我在Python中有两个列表:
checkNameArr = [['551002', 'Derek Jones'],
['940874', 'Hugh Lunny'],
['104741', 'Richard Plaith'],
['310125', 'Aideen Toner'],
['305795', 'Vikki Trench'],
['218714', 'Paul Cutland'],
['401741', 'Russell Smith'],
['223996', 'Chloe Green'],
['845216', 'Simon Fallon'],
['402258', 'Chris Worth']]
queryNameArr = [['551002', 'Derek Jones'],
['940874', 'Hugh Lunny'],
['823085', 'Brian Deans'],
['310125', 'Aideen Toner'],
['571454', 'Pam Scales'],
['967825', 'Una Lingus'],
['401741', 'Russell Smith'],
['682301', 'Hannah Jacobs'],
['914774', 'Elaine Glass'],
['402258', 'Chris Worth']]
我想比较每个列表中的数字值。我知道我需要遍历一个列表以将其与下一个列表的第一个值进行比较,如果找到匹配项,则将其存储在找到的列表中。如果找不到,请将该值存储在未找到的列表中。我试图用尽可能少的代码来做这件事,但这样做的后勤工作让我感到困惑。
什么是一个很好的清洁解决方案?
答案 0 :(得分:2)
我会将您要检查的列表转换为set,方法是将每个内部元素转换为元组,然后迭代另一个列表并检查其元素(转换为元组)是否存在于集合中,如果所以将它添加到找到的列表中,否则将其添加到notfound列表中。
示例 -
checkNameSet = set(map(tuple, checkNameArr))
found = []
notfound = []
for i in queryNameArr:
if tuple(i) in checkNameSet:
found.append(i)
else:
notfound.append(i)
演示 -
>>> checkNameArr = [['551002', 'Derek Jones'],
... ['940874', 'Hugh Lunny'],
... ['104741', 'Richard Plaith'],
... ['310125', 'Aideen Toner'],
... ['305795', 'Vikki Trench'],
... ['218714', 'Paul Cutland'],
... ['401741', 'Russell Smith'],
... ['223996', 'Chloe Green'],
... ['845216', 'Simon Fallon'],
... ['402258', 'Chris Worth']]
>>>
>>> queryNameArr = [['551002', 'Derek Jones'],
... ['940874', 'Hugh Lunny'],
... ['823085', 'Brian Deans'],
... ['310125', 'Aideen Toner'],
... ['571454', 'Pam Scales'],
... ['967825', 'Una Lingus'],
... ['401741', 'Russell Smith'],
... ['682301', 'Hannah Jacobs'],
... ['914774', 'Elaine Glass'],
... ['402258', 'Chris Worth']]
>>>
... checkNameSet = set(map(tuple, checkNameArr))
>>> found = []
>>> notfound = []
>>> for i in queryNameArr:
... if tuple(i) in checkNameSet:
... found.append(i)
... else:
... notfound.append(i)
...
>>> found
[['551002', 'Derek Jones'], ['940874', 'Hugh Lunny'], ['310125', 'Aideen Toner'], ['401741', 'Russell Smith'], ['402258', 'Chris Worth']]
>>> notfound
[['823085', 'Brian Deans'], ['571454', 'Pam Scales'], ['967825', 'Una Lingus'], ['682301', 'Hannah Jacobs'], ['914774', 'Elaine Glass']]

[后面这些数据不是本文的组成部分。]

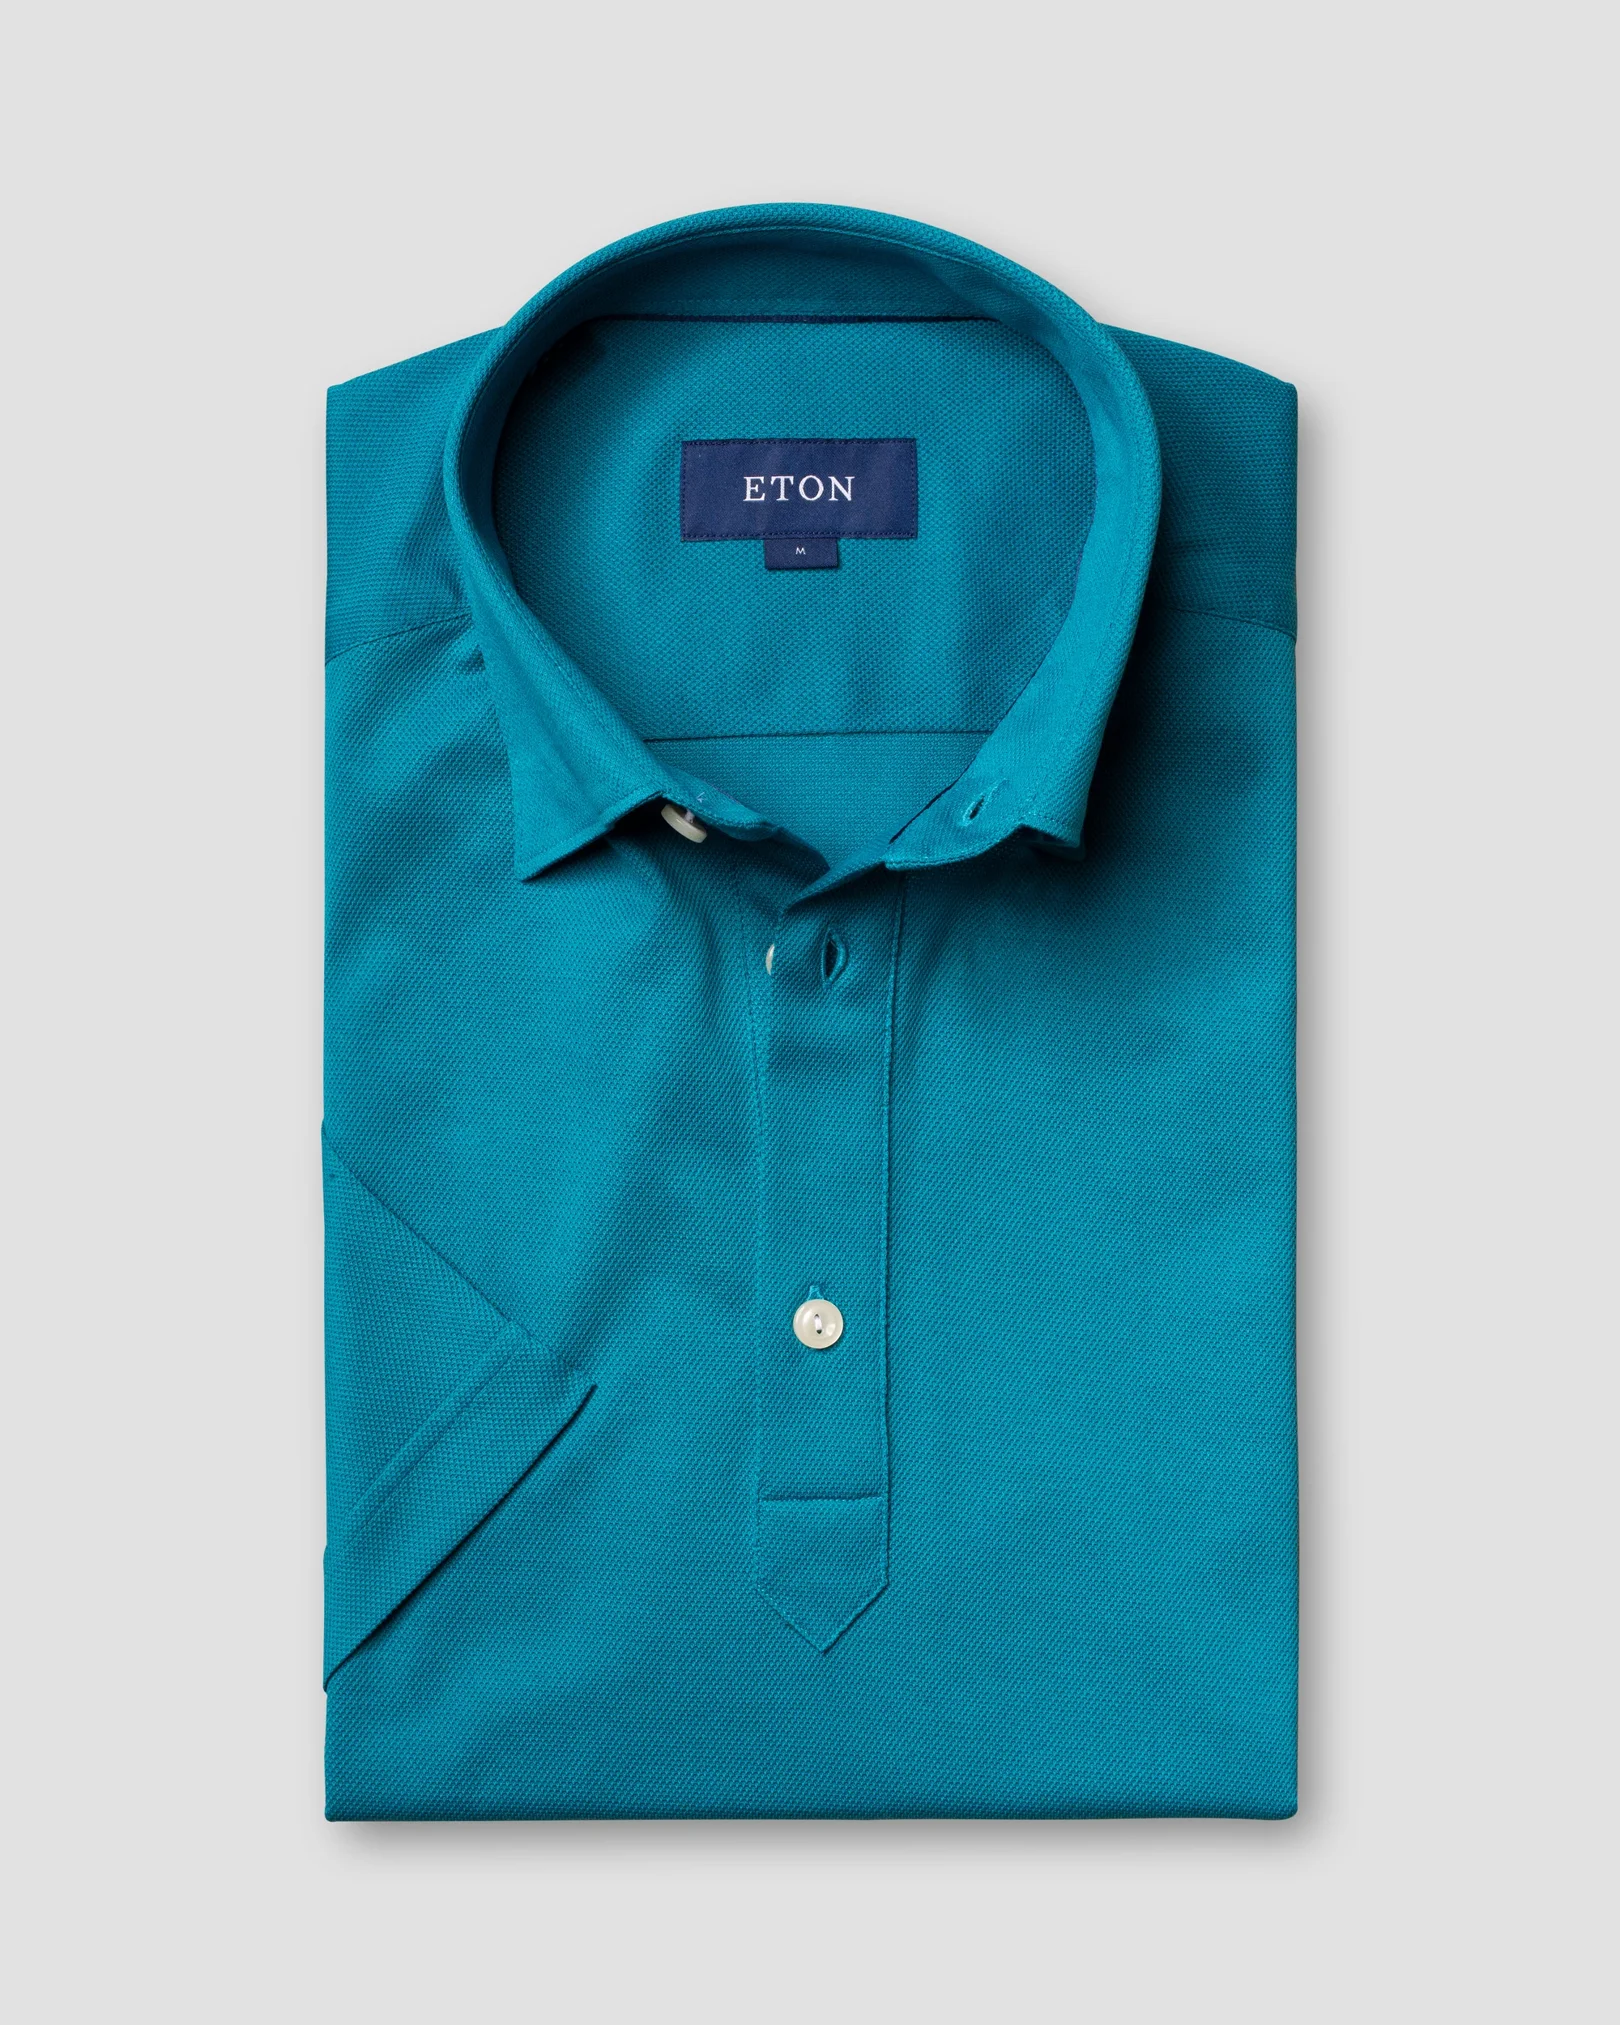 Eton - teal polo shirt short sleeved

如果您只想使用内部列表中的一个元素或元素子集进行比较,而不是将内部列表的完整元组存储在集合中,我们可以使用operator.itemgetter()来获取要比较的元素并单独储存。
然后单独使用,比较代码 -
import operator
checkNameSet = set(map(operator.itemgetter(0), checkNameArr))
found = []
notfound = []
for i in queryNameArr:
if i[0] in checkNameSet:
found.append(i)
else:
notfound.append(i)
示例/演示 -
>>> checkNameArr = [['551002', 'Derek Jones'],
... ['940874', 'Hugh Lunny'],
... ['104741', 'Richard Plaith'],
... ['310125', 'Aideen Toner'],
... ['305795', 'Vikki Trench'],
... ['218714', 'Paul Cutland'],
... ['401741', 'Russell Smith'],
... ['223996', 'Chloe Green'],
... ['845216', 'Simon Fallon'],
... ['402258', 'Chris Worth']]
>>>
>>> queryNameArr = [['551002', 'Derek Jones'],
... ['940874', 'Hugh Lunny'],
... ['823085', 'Brian Deans'],
... ['310125', 'Aideen Toner'],
... ['571454', 'Pam Scales'],
... ['967825', 'Una Lingus'],
... ['401741', 'Russell Smith'],
... ['682301', 'Hannah Jacobs'],
... ['914774', 'Elaine Glass'],
... ['402258', 'Chris Worth']]
>>>
... checkNameSet = set(map(operator.itemgetter(0), checkNameArr))
>>> found = []
>>> notfound = []
>>> for i in queryNameArr:
... if i[0] in checkNameSet:
... found.append(i)
... else:
... notfound.append(i)
...
>>> found
[['551002', 'Derek Jones'], ['940874', 'Hugh Lunny'], ['310125', 'Aideen Toner'], ['401741', 'Russell Smith'], ['402258', 'Chris Worth']]
>>> notfound
[['823085', 'Brian Deans'], ['571454', 'Pam Scales'], ['967825', 'Una Lingus'], ['682301', 'Hannah Jacobs'], ['914774', 'Elaine Glass']]
答案 1 :(得分:2)
matchingArr = [item for item in queryNameArr if item in checkNameArr]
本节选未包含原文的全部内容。